Teaching

My teaching philosophy is quite simple and flexible. I treat each student as an individual: every student is distinct with different needs. Students need easy and informal access to their instructor outside the classroom. To accomplish the stated objective, I hold regular help sessions (besides the usual office hours); students and I chat more informally about the course and their ambitions and aspirations. Further, I set three goals I strive to achieve in every course: (1) Inspire the joy of learning in students and guide them to enjoy the subject. Excited students learn more about the subject than the teacher can imagine, leading to career-changing decisions. (2) Build students’ confidence in themselves and their knowledge of the subject.
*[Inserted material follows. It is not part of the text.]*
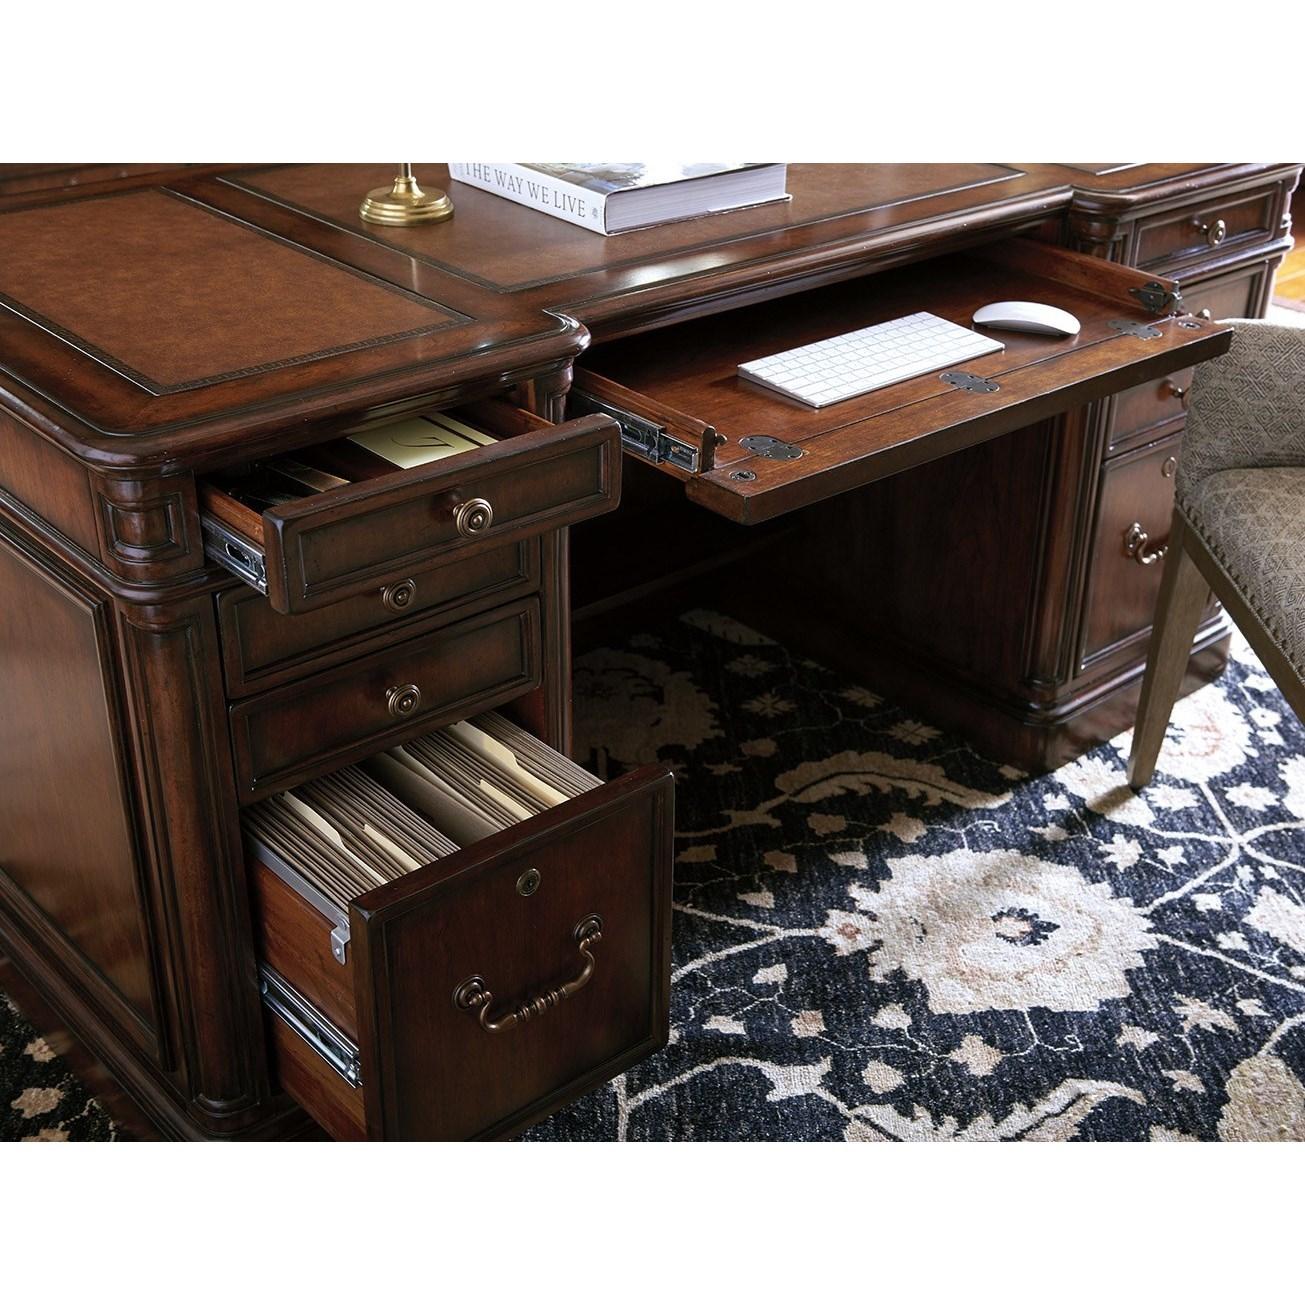 leather sofa richmond hill apollo motion reviews sligh morgan executive desk with faux

A student’s ability to perform as an engineer depends on their confidence and courage to apply the knowledge they gain. (3) Students must gain a solid foundation in basics, understand the assumptions and limitations behind a theory and a formula, and attain core skills in mathematical reasoning and programming. To summarize, a famous quote by Albert Einstein encapsulates my attitude towards teaching: “Teaching should be perceived as a valuable gift and not as a hard duty.”

CIVE 6350: Advanced Mechanics of Materials (A core graduate course at UH)

Course Description: Stress and strain at a point; failure criteria; energy principles and their application in structural mechanics; theories of torsion, unsymmetrical bending, shear center, curved beams, and beams on elastic foundation.

CIVE 7336: Finite Element Methods (A core graduate course at UH)

Course Description: This is an introductory course on the finite element method. We concentrate on second-order linear elliptic and parabolic partial differential equations: linear heat conduction and linearized elasticity. We also discuss time stepping schemes (generalized trapezoidal and Newmark schemes) for solving transient problems. Emphasis will be placed on method development and computer implementation. [Link to course website]

CIVE 7397: Computational Mechanics (An advanced graduate course)

Course Description: The primary objective of this advanced graduate course is to study additional concepts in the finite element analysis and the application of these concepts to advanced topics, including nonlinear finite element formulations of problems in engineering and applied science. The course provides both formulative and computational background necessary to solve nonlinear problems of structural mechanics, solid mechanics, heat transfer, and fluid mechanics. Special emphasis will be put on finite element solution procedures for hyperelasticity, thermoelasticity, plasticity, and viscoelasticity. Computer implementation of various finite element models will form an essential part of the course. At the end of the course one would have acquired knowledge of finite element analysis of many typical nonlinear problems of engineering and applied science. [Link to course website]

CIVE 7397: Mechanics of Porous Media (A Ph.D. level specialty course)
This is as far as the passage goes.